A. It’s true that an income up to 400 percent of federal poverty level (FPL) makes you eligible for subsidies. But there’s another part of the equation: The premium of the second-lowest cost Silver plan in your exchange as a percentage of your income.

If your income doesn’t exceed 400 percent of FPL and the premium for the second-lowest cost Silver plan in your exchange is more than a designated percentage of your income, you may qualify for a subsidy that will bring the net premium down to the percentage of your income allowed by the ACA rules.

The ACA caps net premiums for the second-lowest cost Silver plan (benchmark plan) at the following percentages of modified adjusted gross income (MAGI), based on the percentage of FPL that the applicant’s household earns (updated for 2016):

  • 100 to 133% of FPL: premium capped at 2.03% of MAGI
  • 133 to 150% of FPL: premium capped at 3.05 to 4.07% of MAGI
  • 150 to 200% of FPL: premium capped at 4.07 to 6.41% of MAGI
  • 200 to 250% of FPL: premium capped at 6.41 to 8.18% of MAGI
  • 250 to 300% of FPL: premium capped at 8.18 to 9.66% of MAGI
  • 300 to 400% of FPL: premium capped at 9.66% of MAGI

With an income at 300 percent of FPL, if the second-lowest cost Silver plan available to you has a premium that does not exceed 9.66 percent of your income, you would not qualify for a subsidy.

The same scenario is quite common with young people. Rates are based on age, so premiums for younger applicants are often low enough – with no subsidy at all – that they do not exceed the percentage of income caps on the higher end of the subsidy eligibility range.

Subsidies fluctuate significantly from one exchange to another and even among regions within a state, since there is wide variation in the price of the second-lowest cost Silver plan from one area to another.

As an example, consider six people, all of whom have a $30,000 per year MAGI, or about 257 percent of FPL. Two live in Denver, Colorado, two live in Pagosa Springs, Colorado, and two live in Madison, Wisconsin. Their estimated subsidies in 2015 (based on data from Connect for Health Colorado and Healthcare.gov) are as follows:

  • Denver 21-year-old: no subsidy
  • Denver 60-year-old: $242/month subsidy
  • Pagosa 21-year-old: $75/month subsidy
  • Pagosa 60-year-old: $558/month subsidy
  • Madison 21-year-old: no subsidy
  • Madison 60-year-old: $590/month subsidy

All six people have the same MAGI, but their subsidies are based on their cost to purchase health insurance as a percentage of their income. Without subsidies, their premiums would vary tremendously based on geography and the higher rates charged for older applicants. But subsidies smooth out the differences and bring their net premiums to the same level (since they all have the same MAGI).

After subsidies, the second-lowest cost Silver plan for each of these individuals would be no more than 8.37 percent of their 2015 income.
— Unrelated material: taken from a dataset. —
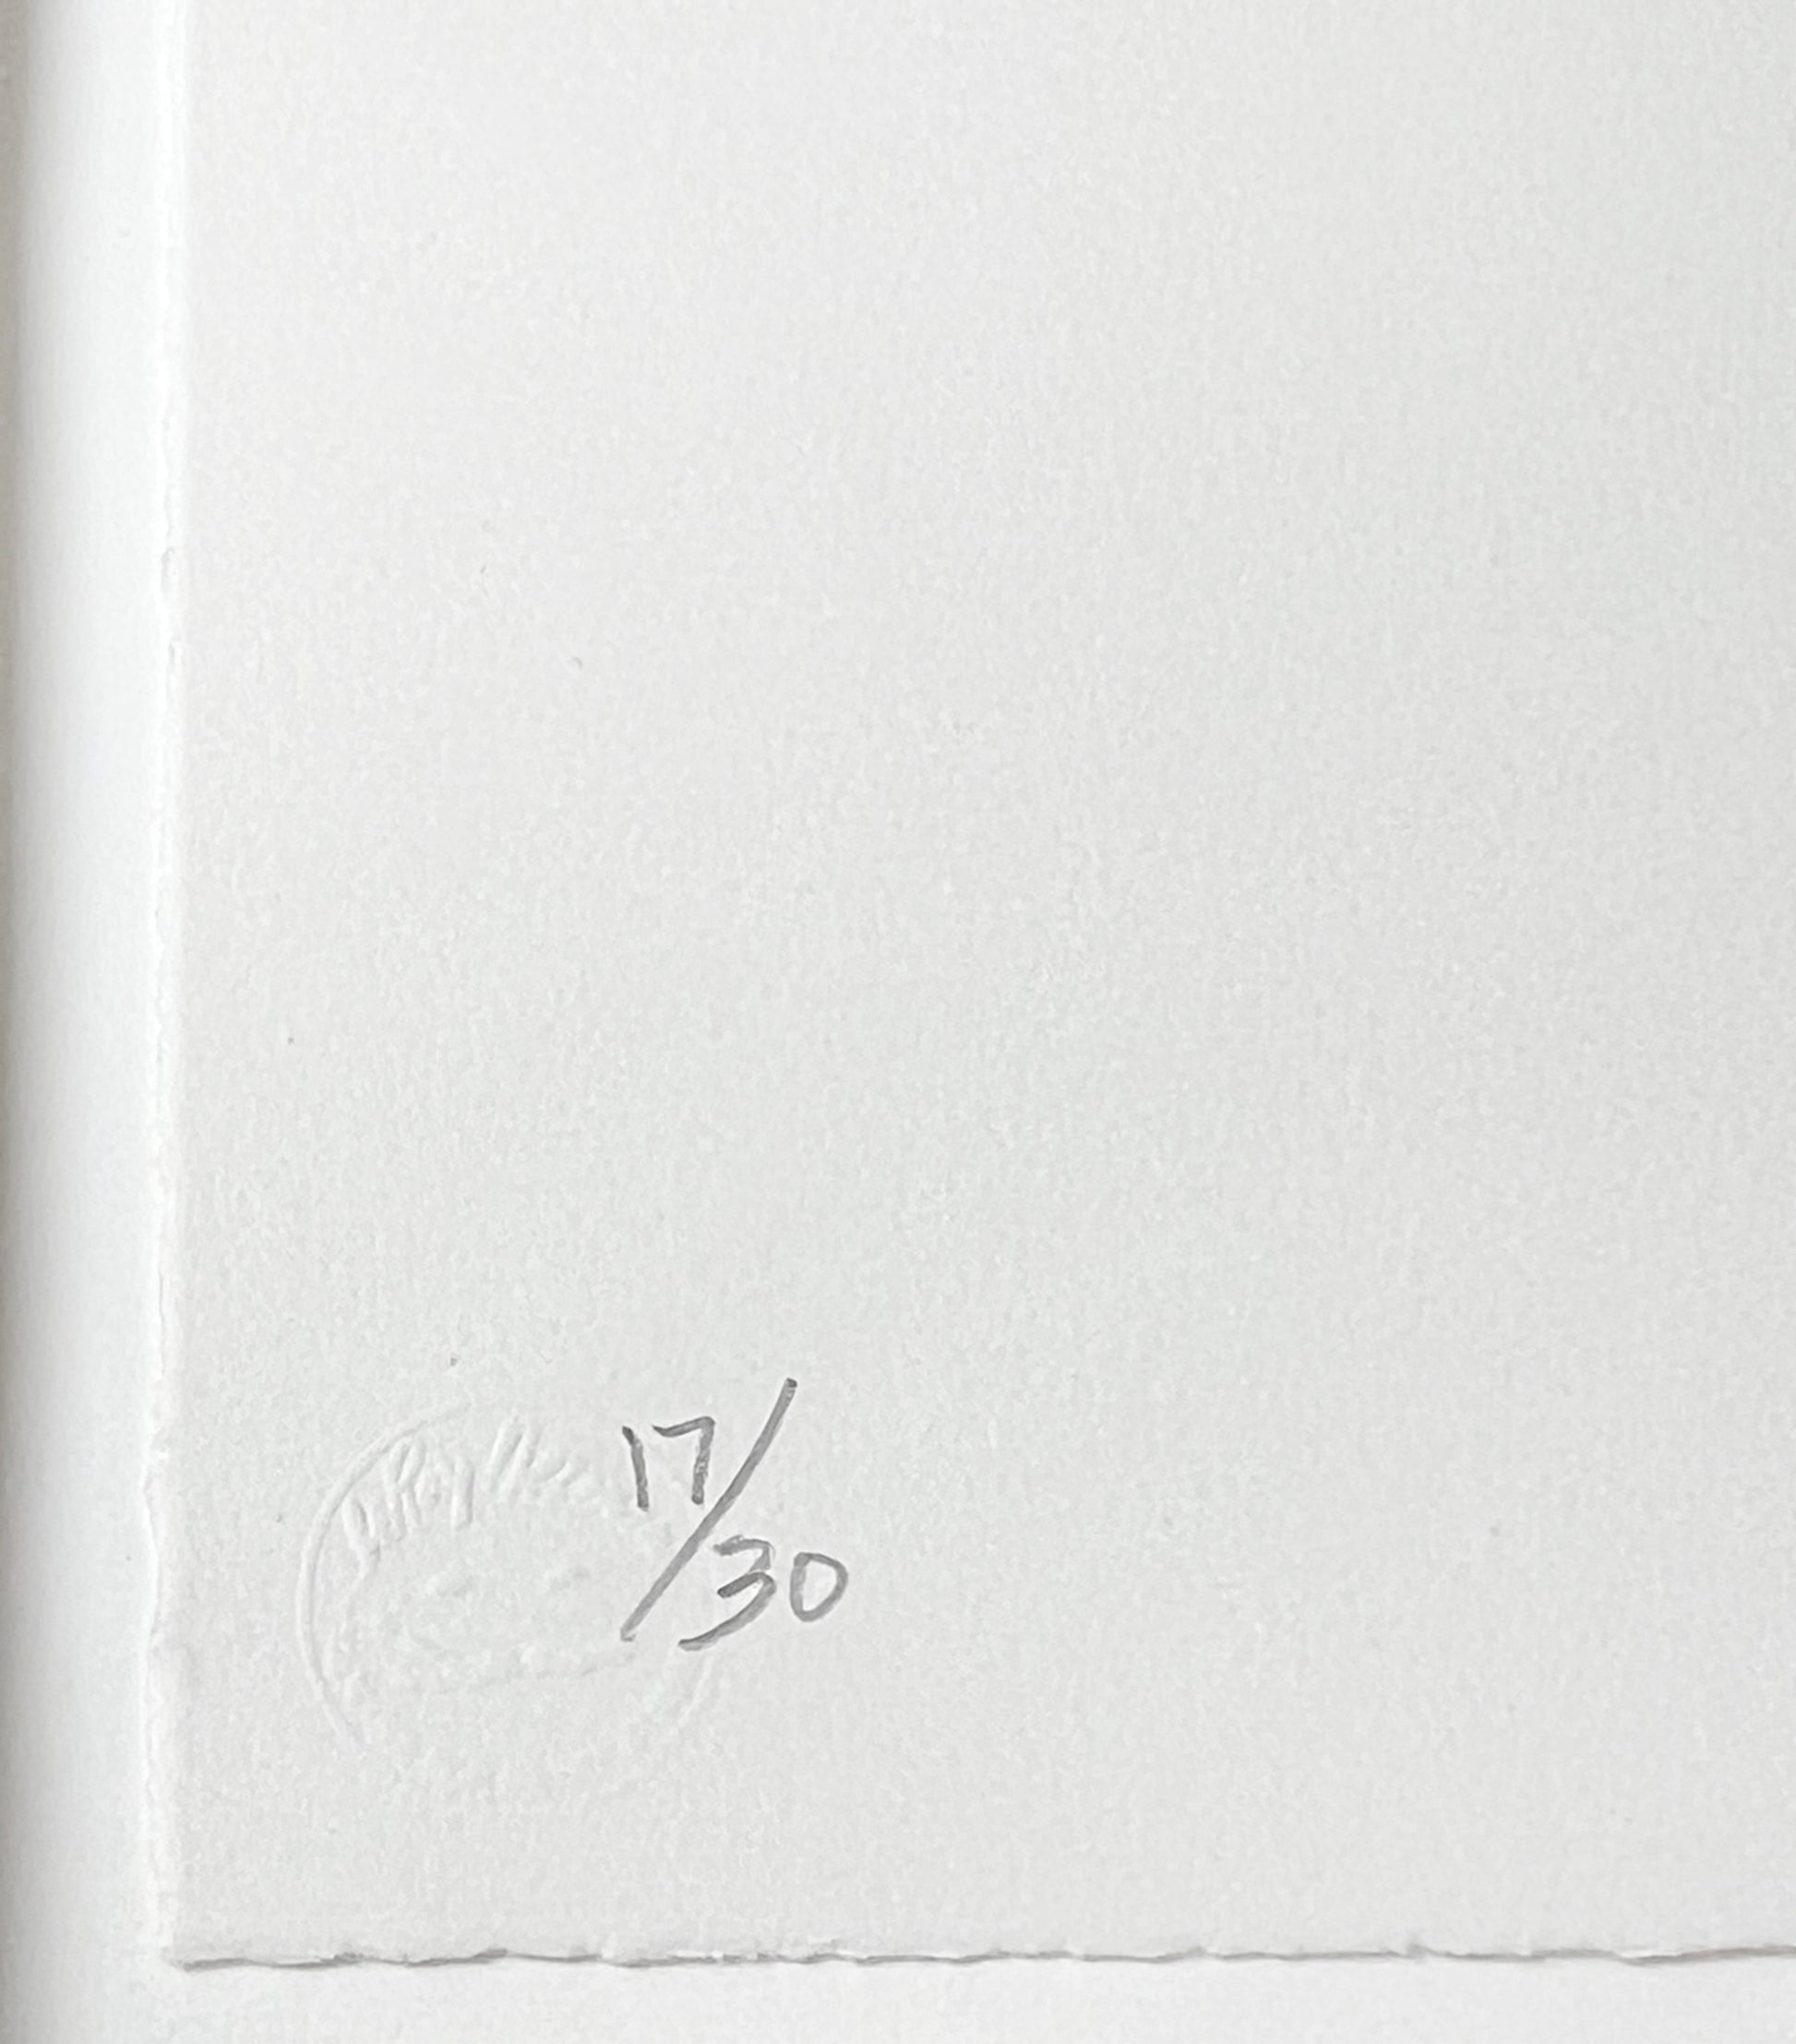 Edition Number in pencil & Publisher Blindstamp lower left Jasper Johns Untitled, 2012 Color Intaglio Print detail of edition number and publishers stamp

For the 21-year-olds in Madison and Denver, the unsubsidized premium for the second-lowest cost Silver plan is only about 7.8-8.1 percent of income. So no subsidy is necessary – the plans are already considered affordable for them based on the ACA’s guidelines.

More enrollees will qualify for subsidies in 2016 however. Nationwide, unsubsidized premiums are increasing by an average of about 12 to 14 percent in 2016. Subsidies will increase to keep up with the overall higher rates, and some people who didn’t qualify for subsidies in 2014 and 2015 will find that they do qualify in 2016, since the subsidies are designed to keep net premiums from exceeding a set threshold.

As always, it will be vitally important for existing enrollees to shop around during open enrollment. The national average rate increase is 12 to 14 percent, but the actual rate changes on each plan vary tremendously – decreasing in some areas, and increasing by up to 50 percent in other areas. And since subsidies are linked to the benchmark plan in each area, the subsidy could also be changing, in addition to whatever rate change a particular plan is experiencing. Shop around!